What other big themes has he gleaned from the Dunedin Study over the years?
“The old nature-versus-nurture debate has been raging for hundreds of years and it's usually cast as nature-versus-nurture, which one is more important in determining how our lives turn out.
“And that's a silly notion. It's the combination, we've shown this, both in terms of why people perpetuate the cycle of violence, why people become depressed in the face of life stress, for example, it's the combination of both what you're born with, your genetic endowment, and what happens to you in life, that is the environmental nurture components.”
This gives Poulton cause for optimism.
“Much as you can't change your genes easily, you can change the environments that people are exposed to. And so that should give hope, to all interventionists, policymakers, practitioners, parents, whomever, that by improving environments in a generic sense, you can actually make people's lives better in the long term.”

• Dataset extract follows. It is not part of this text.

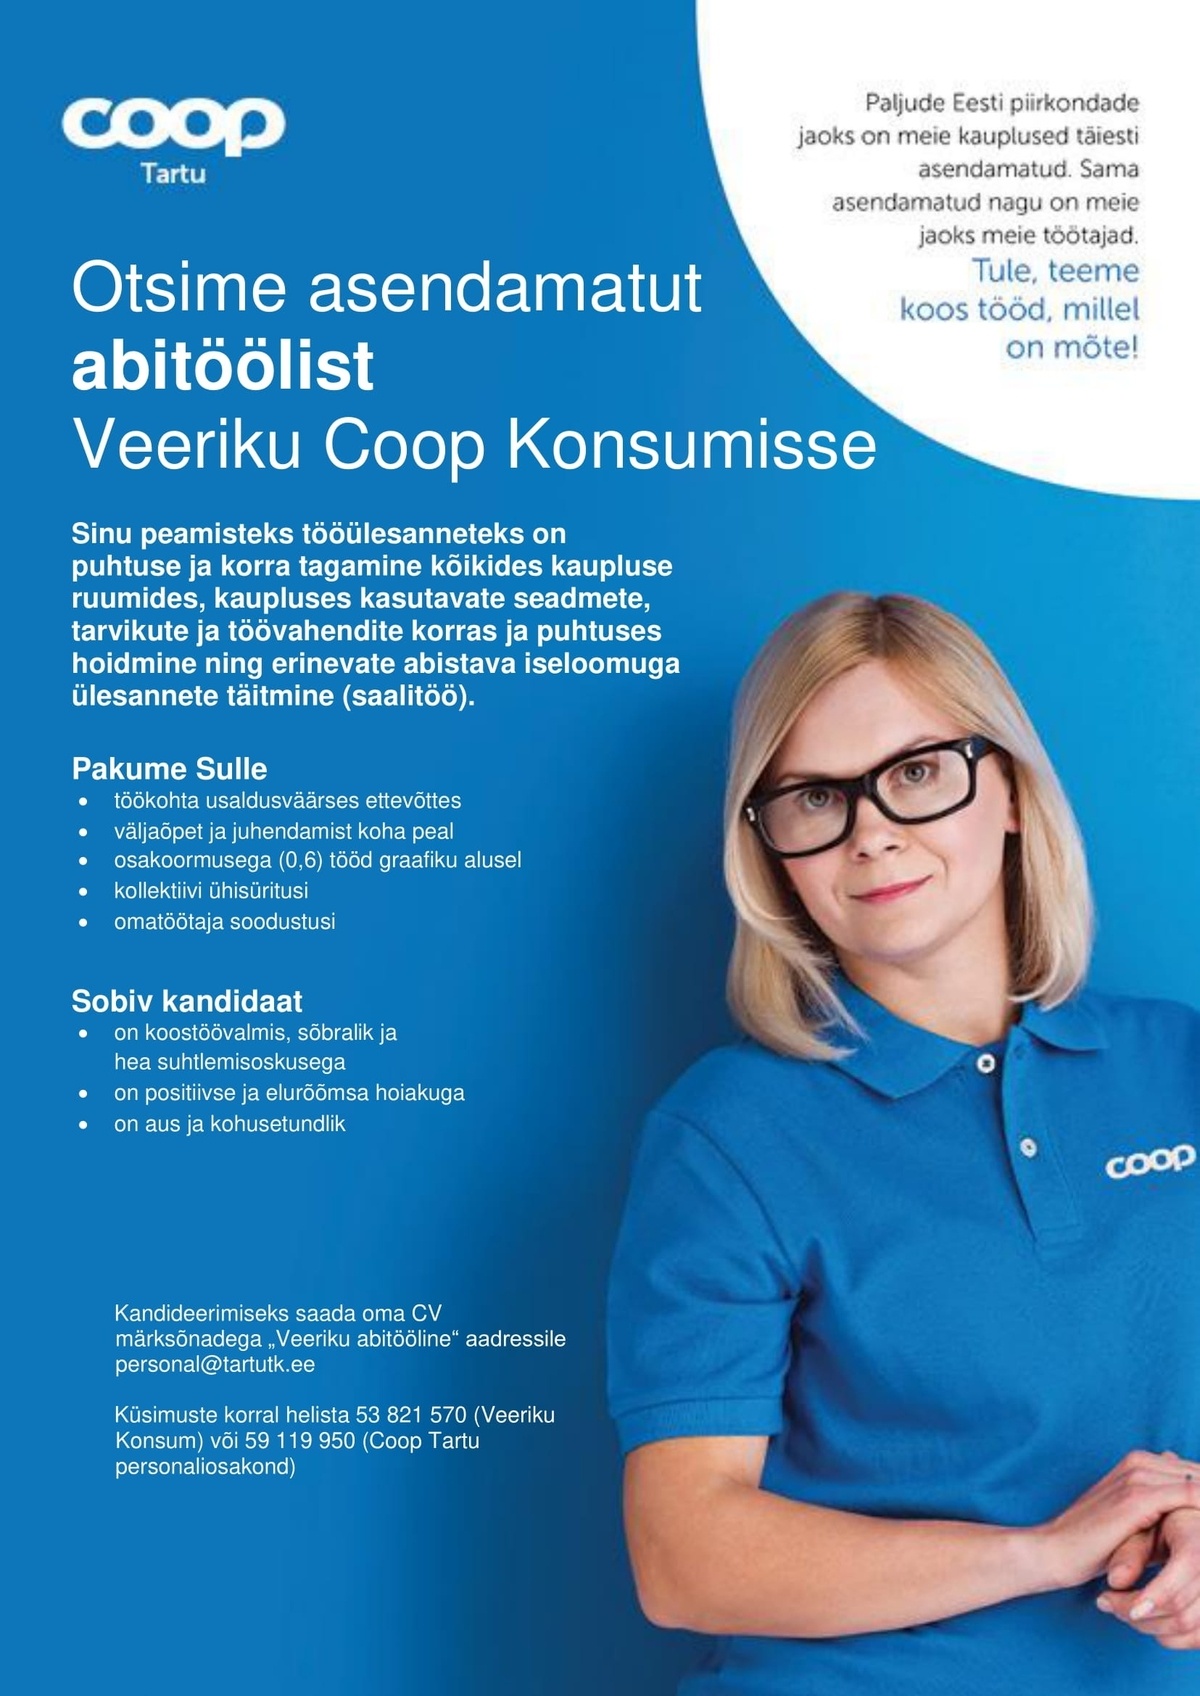 CVKeskus.ee klient Abitööline-koristaja (Coop Tartu Veeriku Konsum)

When difficulties arise, early intervention works best, he says.
"If you intervene much earlier in the life course - that is with children as opposed to young adults or older adults - simply because children are more porous to the environment, they are more susceptible to learning.
“And they can see you're likely to get more fundamental change if you start early. That should, of course, inform public policy that should be tilted towards the earlier part of life.”
Technological advances over the last 50 years have shaped the Dunedin Study, Poulton says.
“We've got increasingly sophisticated physiological equipment that we can bring to bear in terms of assessing physical health.”
The cohort, now in their middle years, are ageing at different rates, he says.
“Our focus, given that people are entering their midlife years, is trying to understand why some people are ageing, biologically that is, faster than others. Because it's those people that are rapidly ageing who will end up susceptible to all the non-communicable diseases like heart disease, risk of stroke, diabetes, lung disease and the like.
“And if we know who's at risk for that before it actually happens, we can inform intervention efforts to try and either slow the ageing process or to prevent the onset of diseases.”
Poulton was a “callow 22 -year-old clinical psychology student” when he first became involved in the Dunedin Study.
“It's been a professional love of my life. It's been incredibly rewarding in all sorts of ways, it's opened many doors.”